On the opposite end of the spectrum, Rachel Mattison is a senior biology major in the midst of interviewing for various medical schools across Texas. She utilizes her summer and winter breaks to work at a pediatric clinic in her hometown, and she was recently given a preemptive offer to run the practice, which has a branch in Dallas as well. As we spoke, she informed me that she had experienced feelings of inadequacy during conversations with other medical school applicants while waiting to be interviewed.
“Some of them have been published, and others have started health initiatives. It just makes me realize how much I haven’t done, you know. I also wish I had been able to gather the money to go on a mission trip. Mostly everyone has helped bring medicine or healthcare to somewhere abroad.” Rachel has maintained a 4.0 GPA throughout her undergraduate career and is involved in a women’s spirit group and medicine organization on campus. She is also using her senior year to take advantage of the research program available for STEM majors at UT. Despite her many qualifications and her wonderful résumé, Rachel is not immune to feelings of inadequacy among her peers.
Like Rachel, Daniela Banci is a pre-med student. She is a sophomore, and she speaks from the perspective of a student whose main goal is to validate the investment her parents have made in her education. “For me, my parents didn’t start out rich. They came from the Philippines. So, they came all the way from there, and then they went to Canada, and then they came here, and they worked. And they didn’t even really want me to come to UT. I had to convince them that I could do it. And they did everything to get me where I am now, so I want to give everything I can to make sure it’s worth it.”
Daniela’s strength is in her dedication to her coursework and to creating relationships with her professors. She often visits office hours, both for help with her coursework and to learn more about them as individuals. She is an active member of Future Doctors of America and Global Medical Training, which are both on-campus organizations that will cater to her career goals. She often feels pressured by the success of her peers, as well as the expectations of her parents.
These stories and many more were all held together by a common thread—each of these students has a specific image in their minds that means success, and they often use these images not to inspire themselves, but to increase the heavy pressure that they feel daily as UT students.
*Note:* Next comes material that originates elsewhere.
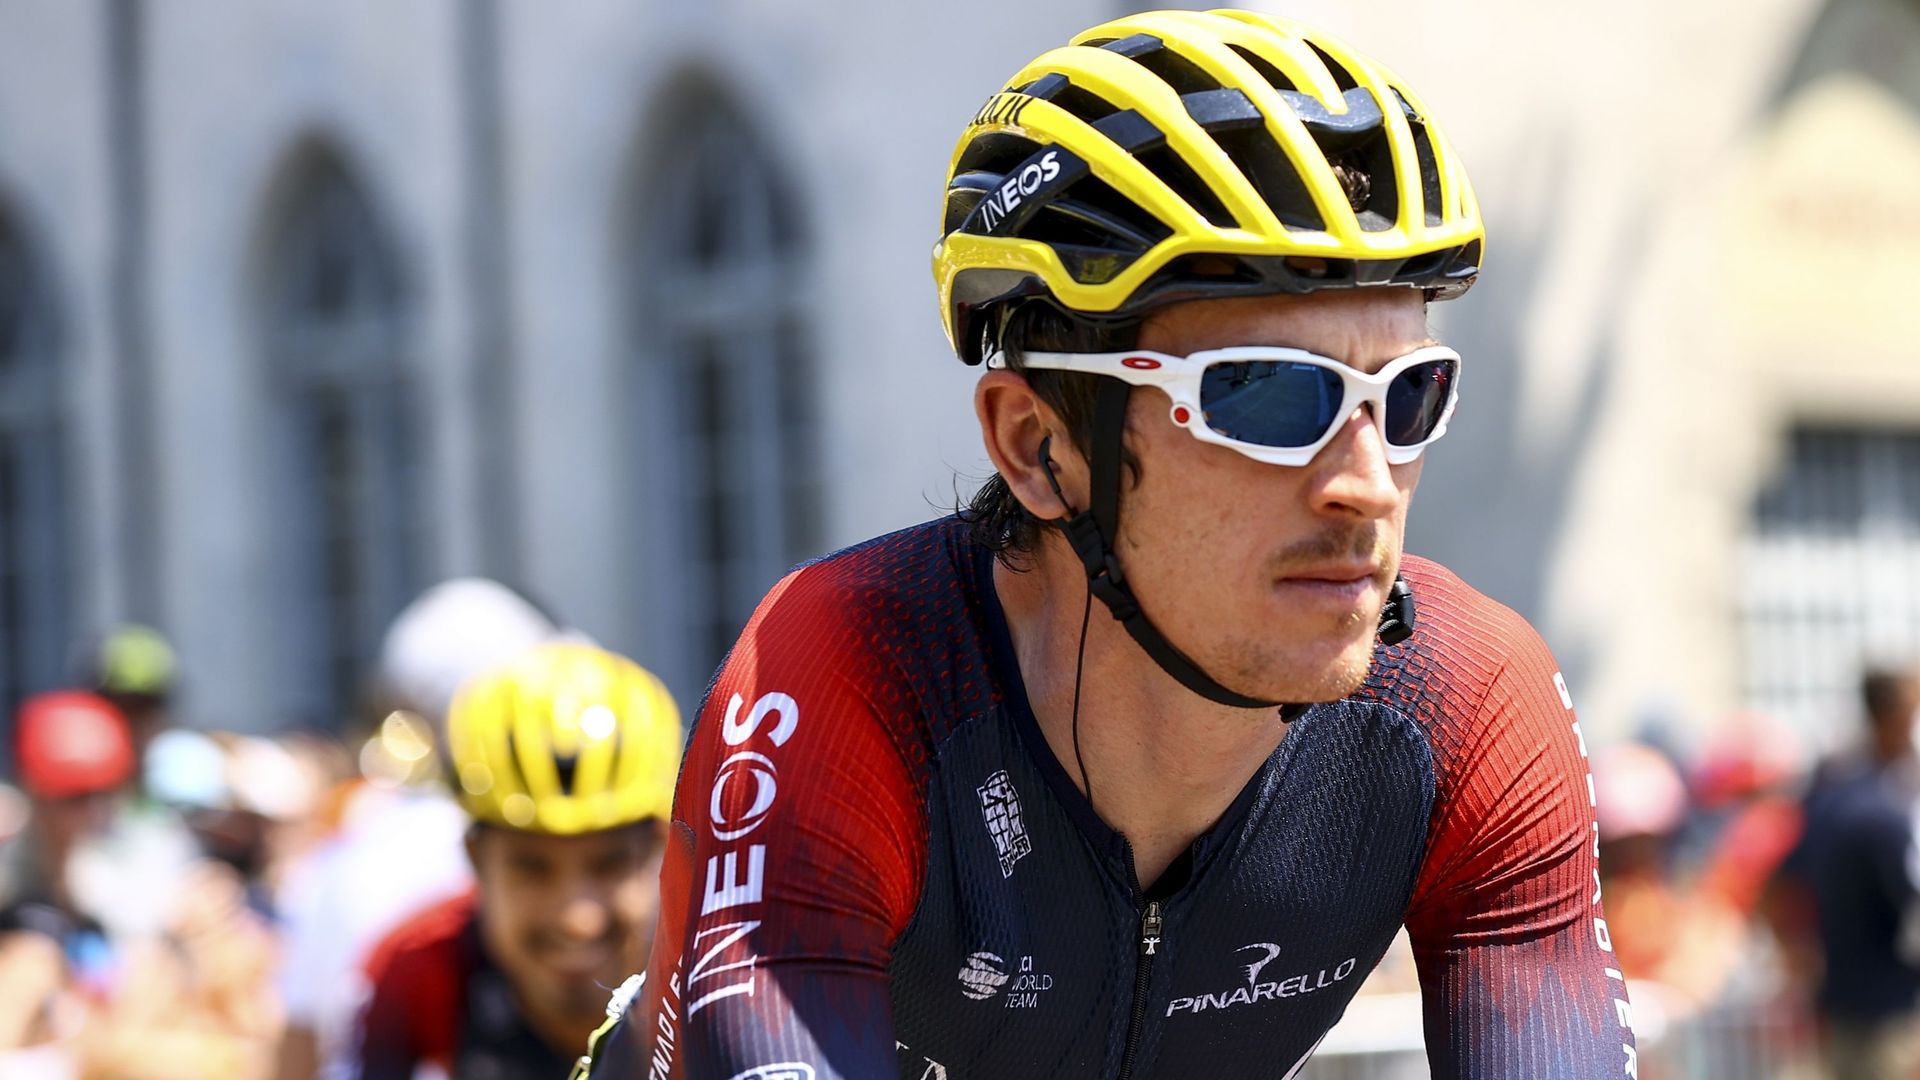 Geraint Thomas (INEOS Grenadiers) participera au Tour d’Italie en 2023. Le coureur gallois, vainqueur du Tour de France en 2018, en a fait l’annonce en publiant une vidéo sur son compte Twitter. Il fera donc partie des prétendants à la victoire finale, av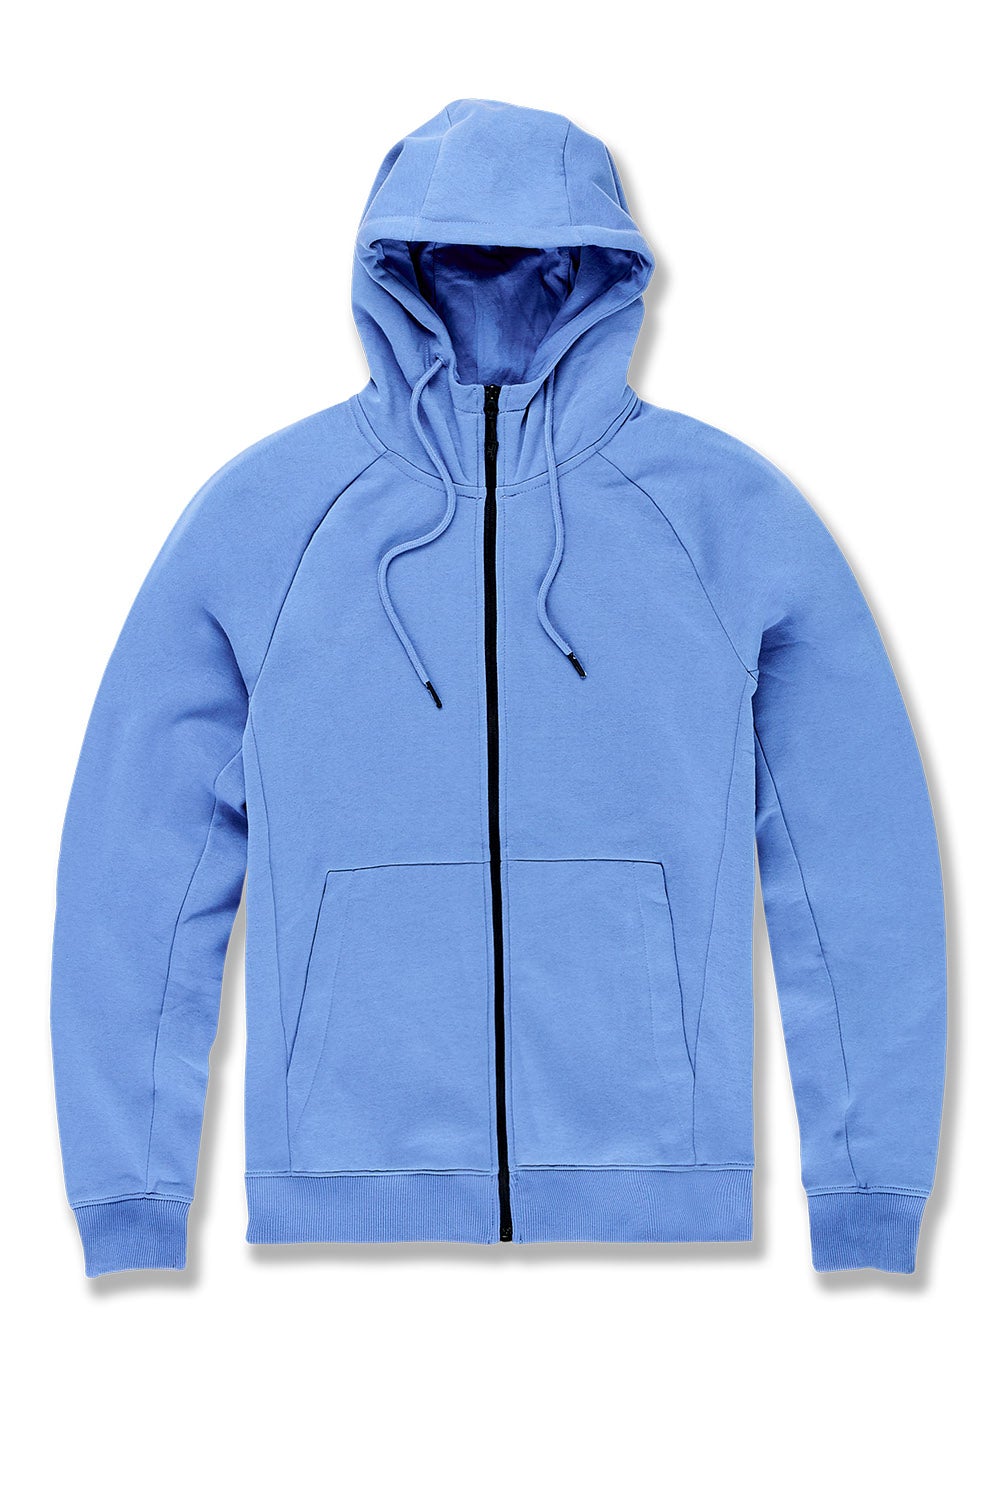 slate blue zip up hoodie

The key here is not to rid oneself of ambition, nor is it to advocate a stagnant academic career. It is to truly understand that you are neither alone in your feelings of inadequacy, nor are you likely to rid yourself of these feelings by overloading your schedule and neglecting your mental and physical health.
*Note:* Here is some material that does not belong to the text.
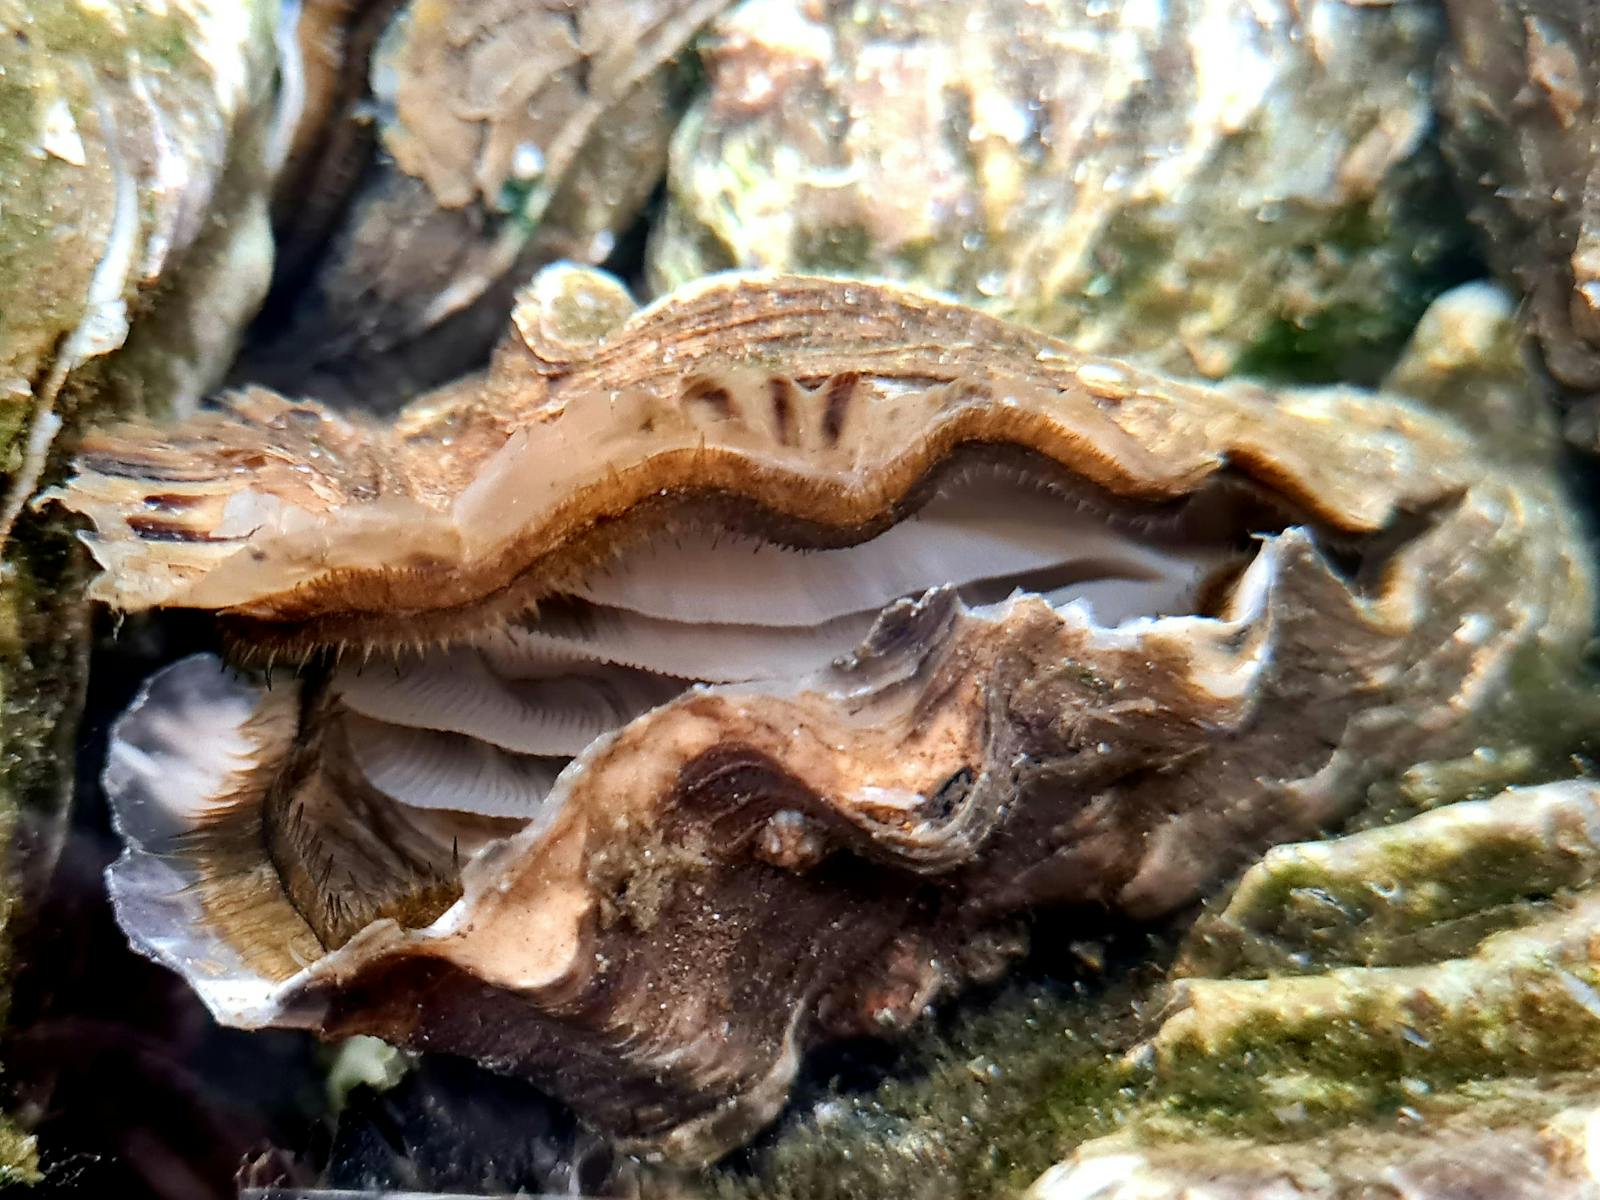 Oyster feeding

Rather than keeping student anxieties buried deep in our private lives, we should acknowledge that they exist and allow this truth into our conversations with peers. As students at this prestigious university, we should commit ourselves to three mental practices—first, we must abandon fear of failure and actively involve ourselves in activities on and off campus. Second, we must make ourselves vulnerable by speaking freely about our imperfections and fears. This will unify our student body. Third, we must deny any inner voices that tell us we are the only one feeling this way. It isn’t true.